具体的には、「約572兆円という日本の名目GDP」と比較して、「1.3倍程度の約774兆円」にまで大膨張した「日銀のバランスシート」、あるいは、「1.86倍程度の約1086兆円」にまで膨らんだ「日本の普通国債残高」に関しては、「通常の手段では返済不可能な状態」であることも理解できるのである。別の言葉では、過去のパターンのとおりに、「紙幣の増刷が引き起こすハイパーインフレにより借金を棒引きにする方法」しか残されていない状況とも言えるのである。

そして、これらの事実については、現在、「世界各国で、大きな注目を浴び始めている段階」に差しかかっており、実際には、「国家の体力」を表す「金利」と「為替」の両面から、「日本の将来」が危惧され始めている状況となっているのである。つまり、「植田日銀総裁が、いつまで、現在の超低金利状態を継続可能なのか?」、あるいは、「キャリートレードの加速が引き起こす円安は、今後、どこまで進展するのか?」という点などである。

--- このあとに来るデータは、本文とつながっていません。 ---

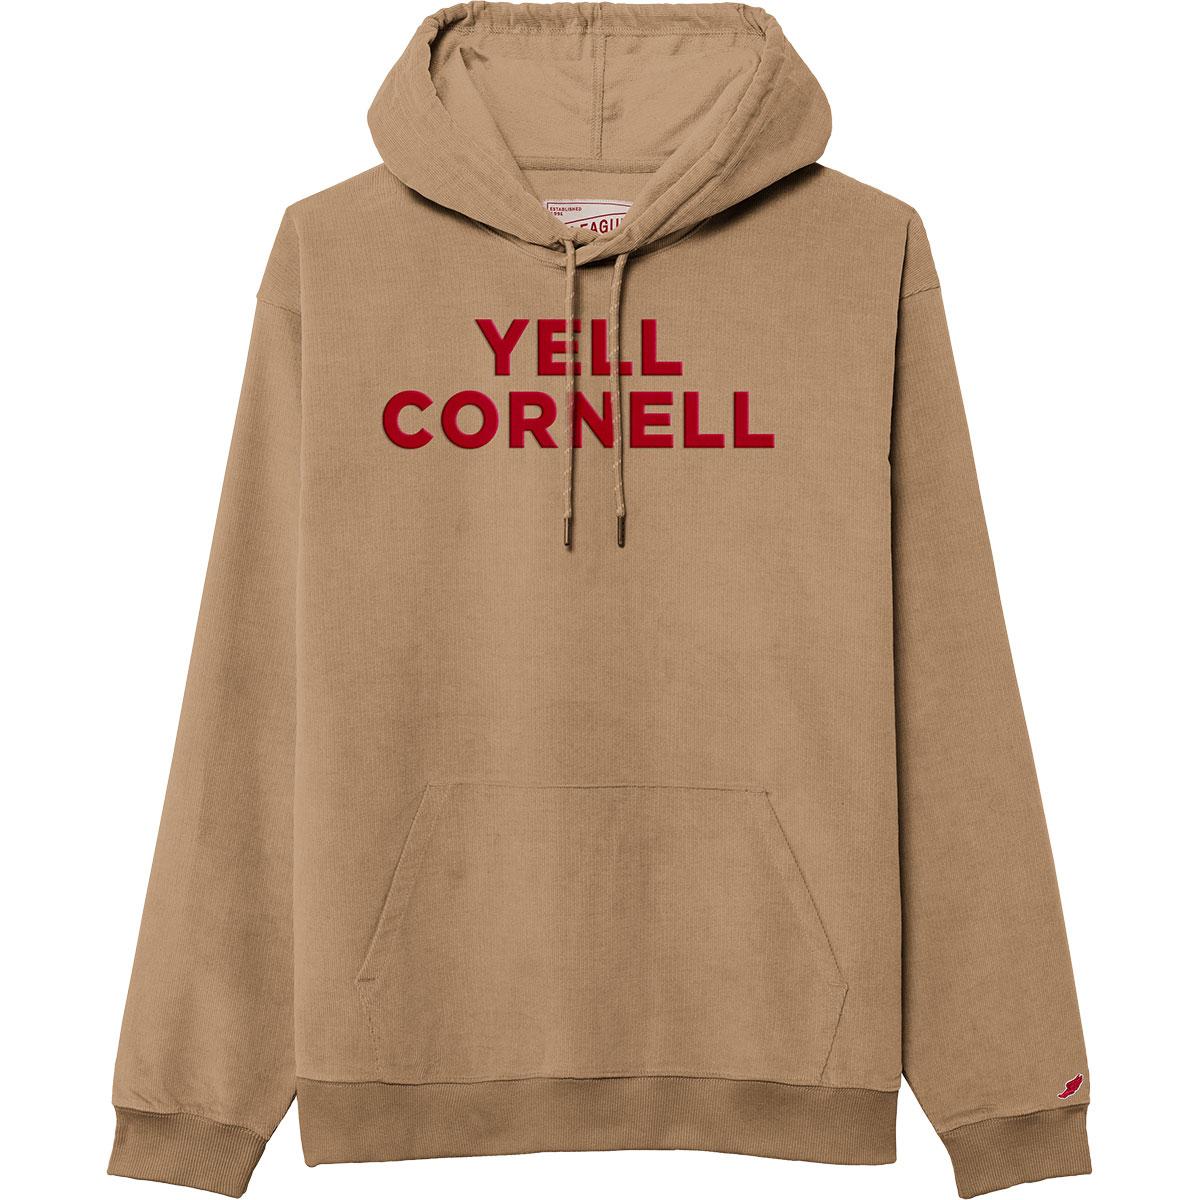 League Yell Cornell Over C Emb Cord

しかも、今回は、「日本」のみならず、「西洋の先進各国」や「中露の国々」なども、きわめて厳しい経済情勢に見舞われているために、多くの人々は、「何が何だか、訳が分からない状態に陥っている状況」のようにも感じられるのである。別の言葉では、「現状だけを見がちな三次元の経済学」では正確な現状認識が難しく、「過去の推移を含めた四次元の経済学」が必要な状況とも思われるのである。

より詳しく申し上げると、「過去を遡りながら、現在に匹敵する経済情勢を探す努力」のことでもあるが、実際の状況としては、やはり、「1600年前の西ローマ帝国」まで、時代を遡る必要性があるものと感じている。つまり、「マネーの大膨張が、どのようにして発生したのか?」、あるいは、「パンとサーカス」に象徴される「大都市の生活」が、「どのような推移で実現したのか?」を考えると、結局は、「グローバル共同体」がもたらした「世界的なマネー大膨張」や、その背後に存在する「巨大なデリバティブのバブル」に対する理解が必要なものと考えられるのである。